Things don't happen all at once. They usually take time. How strange that is. What I am learning now is how to breath. It's not that easy. There is much to overcome.
I haven't made the transition from mind to body. I am feeling bad that I am not doing much for my body. It disgusts me right now and yet, I do nothing. Because I am so exhausted. The spark is not there yet. And I am so hard on myself. I don't know how to not to be hard on myself.
Why did I buy into the bullshit for so long, even though I always really knew the truth? It has been staring me right in the face. We live in a corrupt world and we get caught up with right and wrong in a world that has no justice.

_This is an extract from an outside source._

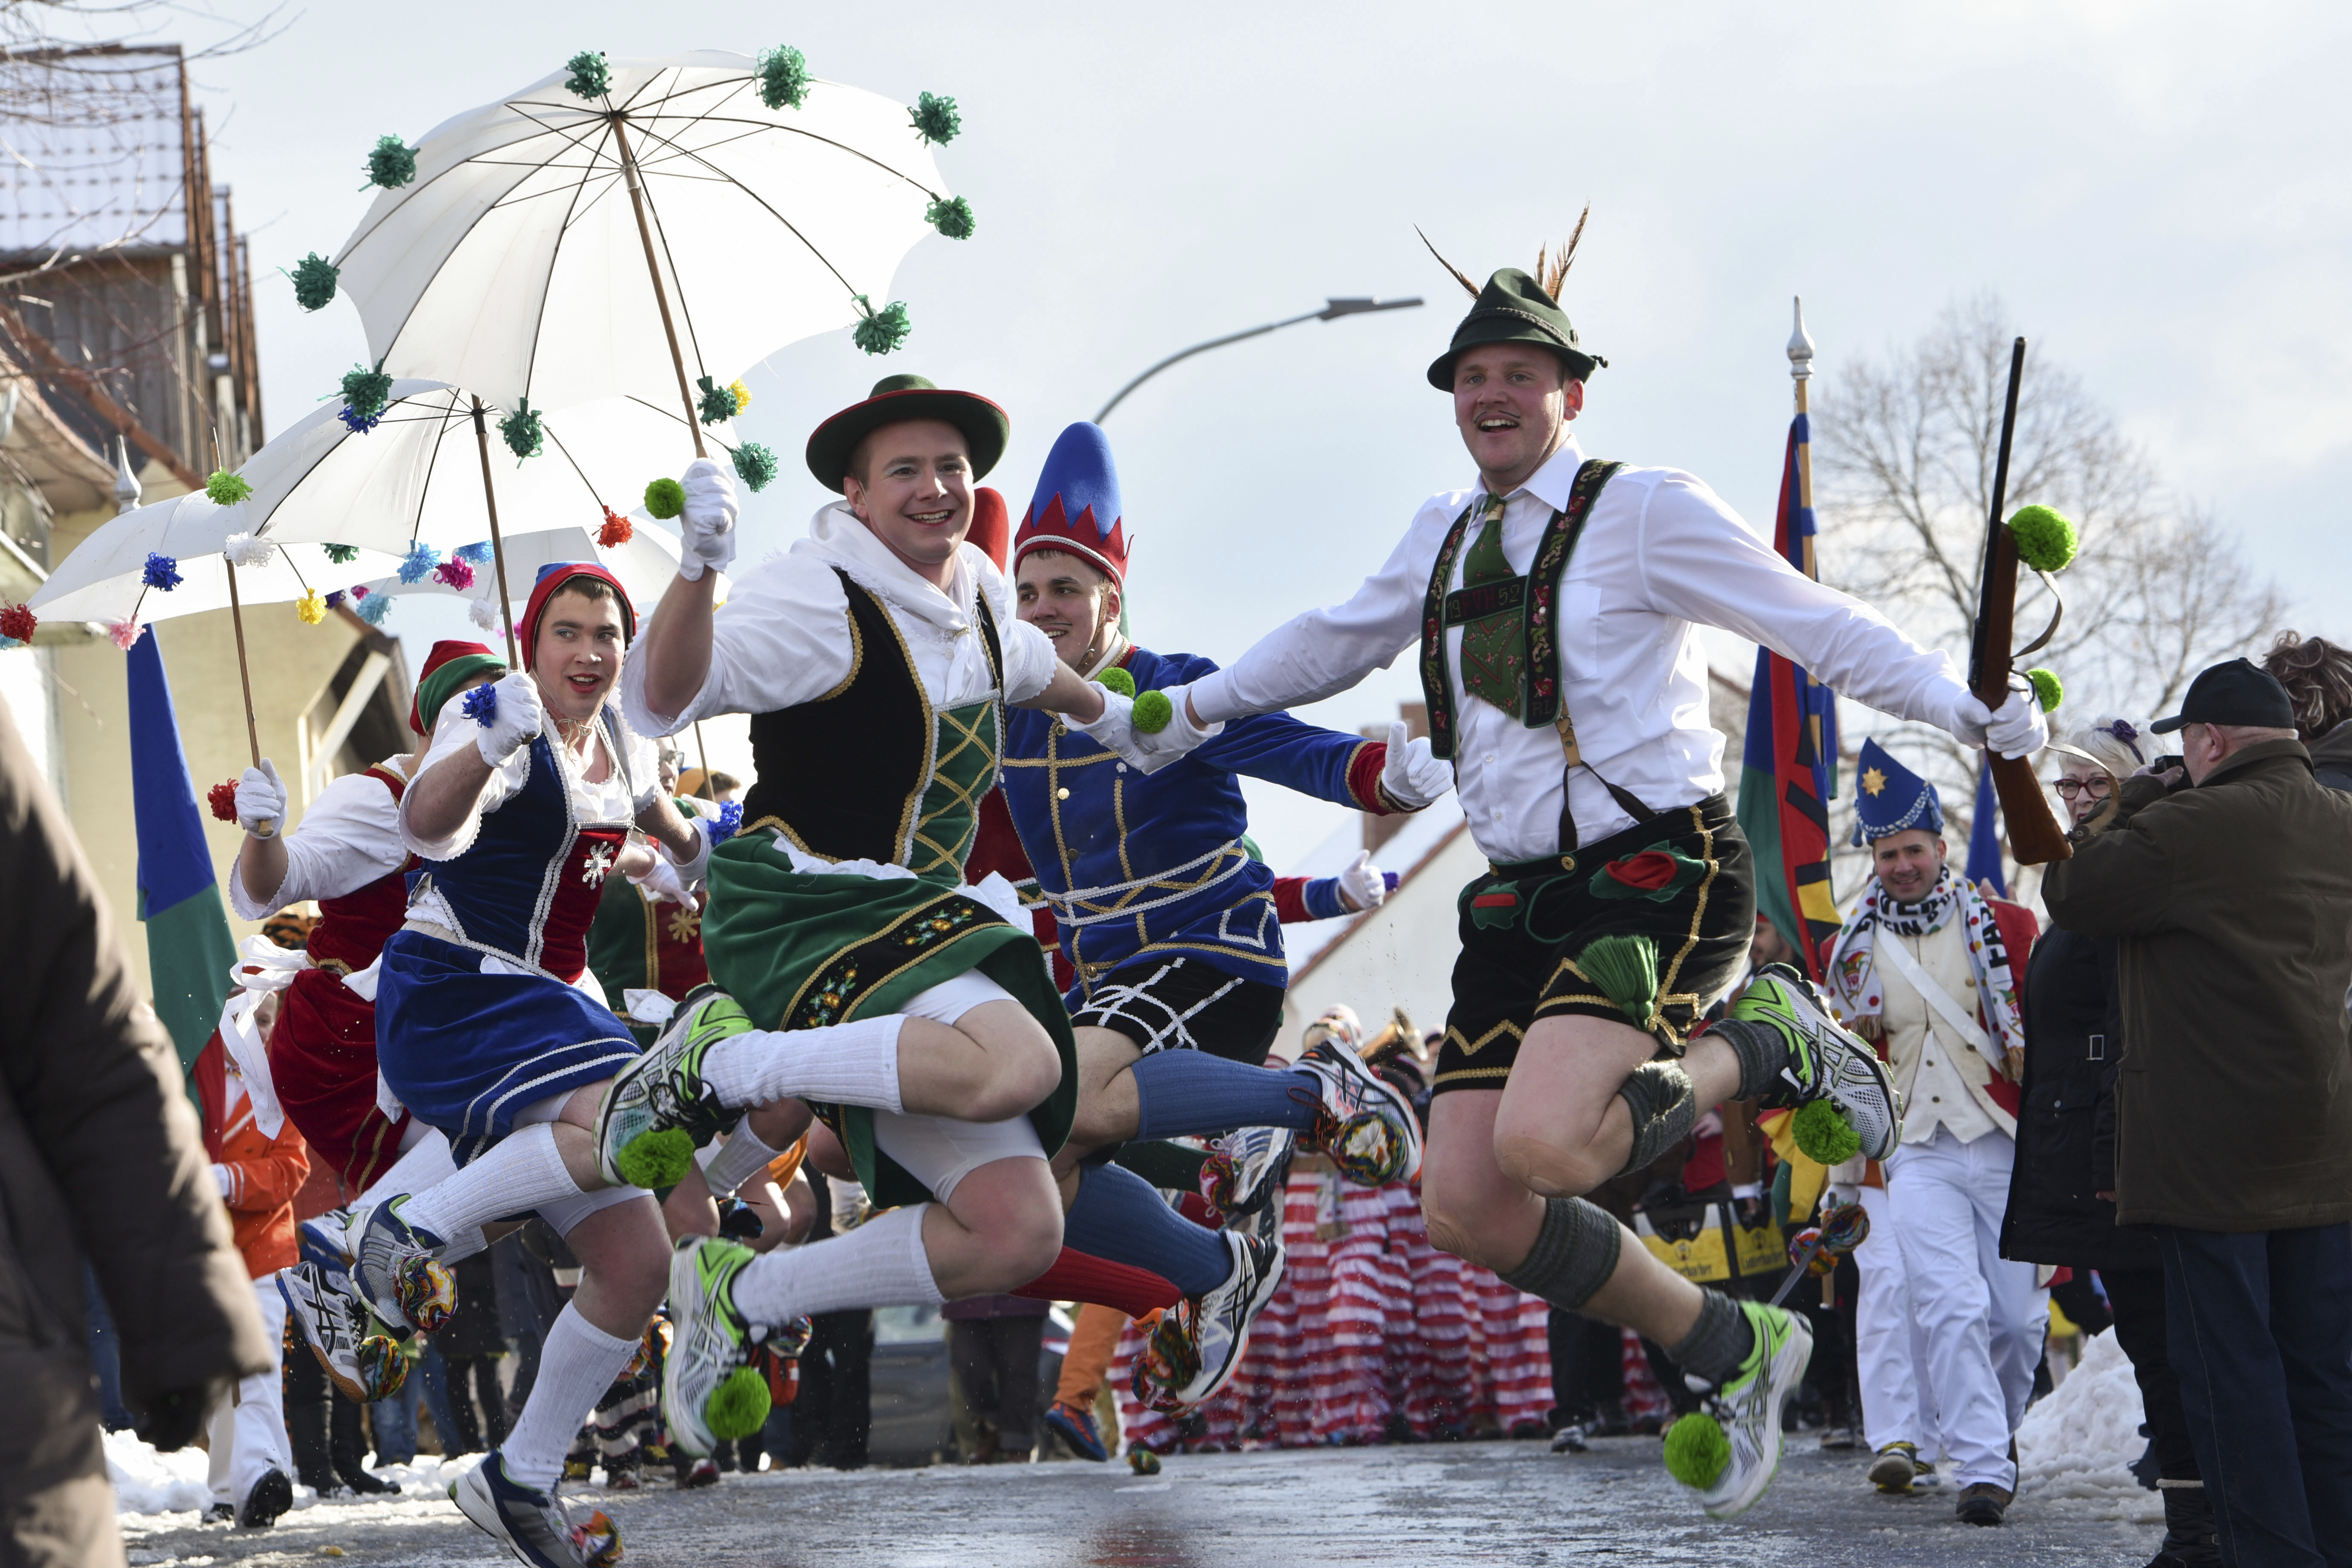 'Tiroler Paerchen' (lit. Tirol couples) jump up in the air during the parade in Herbstein, Germany, 12 February 2018. The 'Herbsteiner Springerzug' (lit. Herbstein jumping parade) is one of the most extraordinary carnival processions in Hesse. Photo by: Uwe Zucchi/picture-alliance/dpa/AP Images

Often, people think they are fighting for a cause and yet, am I too cynical to question it. I've lost family and friends to wars. It was a matter of survival; they were fighting their own wars. It wasn't about ideals. As we've seen with so many wars, the ideals that are fought over are false. It's either about wealth or ego or both. We witness it every day; it surrounds us if we keep our eyes open.
There are still some noble people who feel they can change it and make it better. If it wasn't for them, we'd all be screwed.
There is no understanding often in families. Children fight with their parents more and more as they get older and become teenagers. They grow resentful of rules and feel oppressed. Men and women marry and yet some struggle to co-exist. Recently, a colleague referred to his wife, the mother of his two children, as the "cow he is now stuck with." Another shared with me that he is on the cusp of a divorce if he doesn't show more interest in his family than his passion around work.
Our world is full of people who care but hypocrisy, unfortunately, is alive and well in our midst. Is there something we can do? Haven't millions already tried? It's all a theatre.
Some of the battles I've fought have been futile. Some at work and some at marriage. Now, I see it clearly and wonder was it worth it? The answer is no. It doesn't matter. It's about learning to know who you are and not compromising.
Does it matter how other people view the world? For the last two years I've felt under appreciated. It was in my own head. Mostly, because people don't know how to communicate and I didn't go around fishing for compliments. I had no idea and went to the depths of self reflection.